Hello. Anyone listening?
Besides medical staff not introducing themselves, people not listening is second on my list for utter annoyance when it comes to medical care. This is annoying in everyday life, but when it comes to medical care it happens far too frequently, and is unacceptable. However, in one of my unexpected appointments at the hospital, I had one that should be a textbook example of how doctors should interact with patients. You might read this thinking what is she on about, there is nothing amazing about this appointment, but when someone introduces themselves, gives you their time and listens to what you have to say, you know you have struck gold. This doctor, I’m going to call him Paul, should be the poster boy of how medical professionals approach patients (I have to say, I never think as myself as a patient during pregnancy but you know what I mean).
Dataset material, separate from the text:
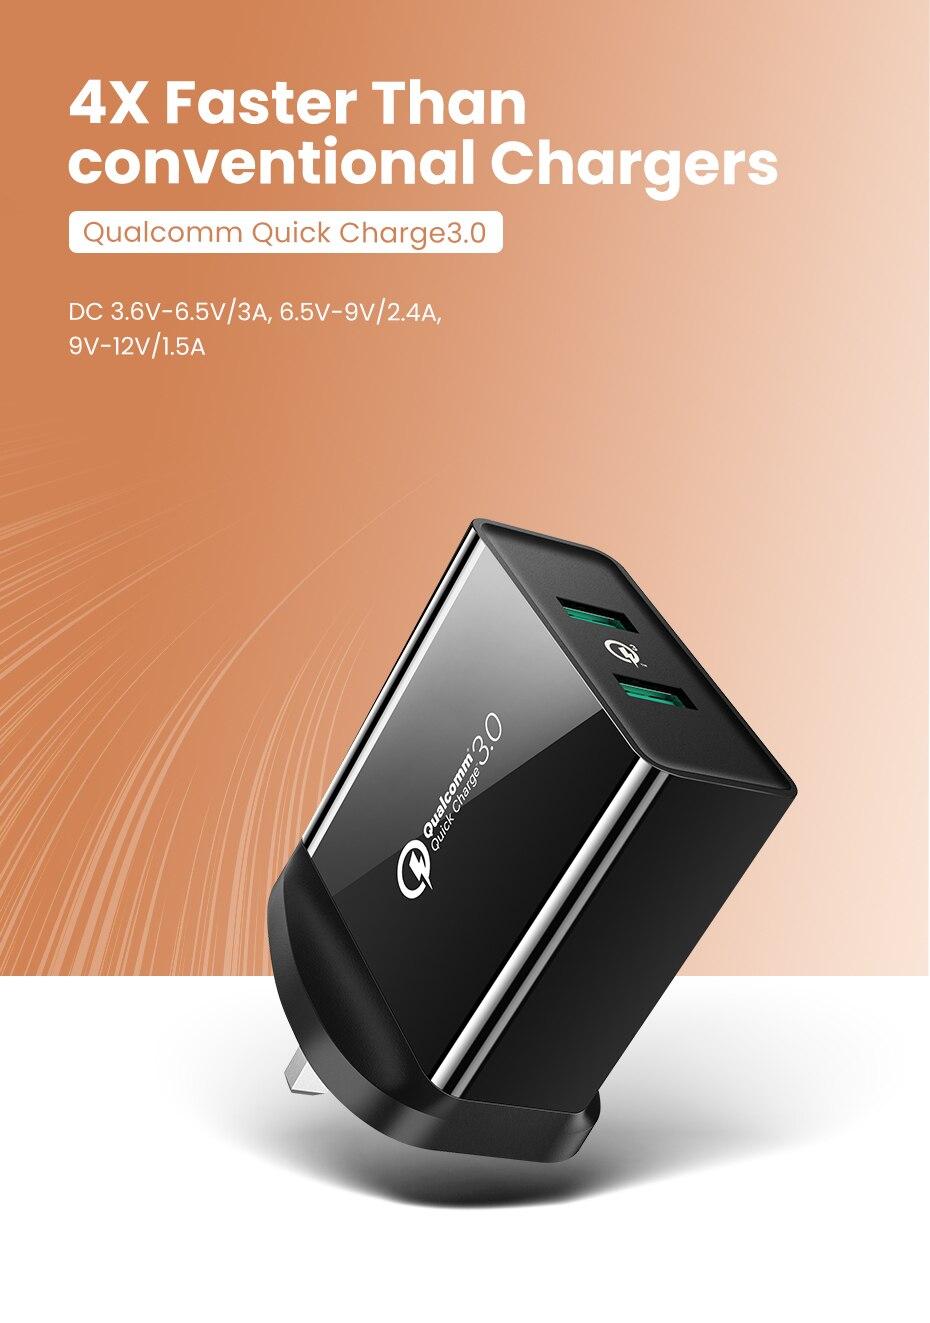 CD161-930-_02

Paul introduced himself, read the notes from the midwife who referred me, asked what I understood of the situation, explained what would happen in the appointment, and after my scan, sat down and asked if I had any questions. No looking at a screen, no writing his own notes, no looking at the clock, just him sitting in front of me, at a distance of course, waiting for my response. I did have questions, and he answered every single one of them. When I had finished offloading my worries and concerns, he started to write his notes and he read them back to me, asking if he had summarised our discussion correctly and if I was happy with what he had written. At this stage I could’ve kissed the man! Not only had he listened and heard everything I said, but he was able to summarise my wishes and the impact of this collaborative approach to my care has changed my experience since. To say I left the hospital feeling reassured and calm is an understatement.
The hardest part is yet to come, literally, and often at this stage things can become less clear-cut and the power dynamics between ‘patient’ and doctor become more evident but I can only hope that I have the likes of Paul caring for me as bubs arrives, whenever that will be. Not that I’m getting impatient or anything.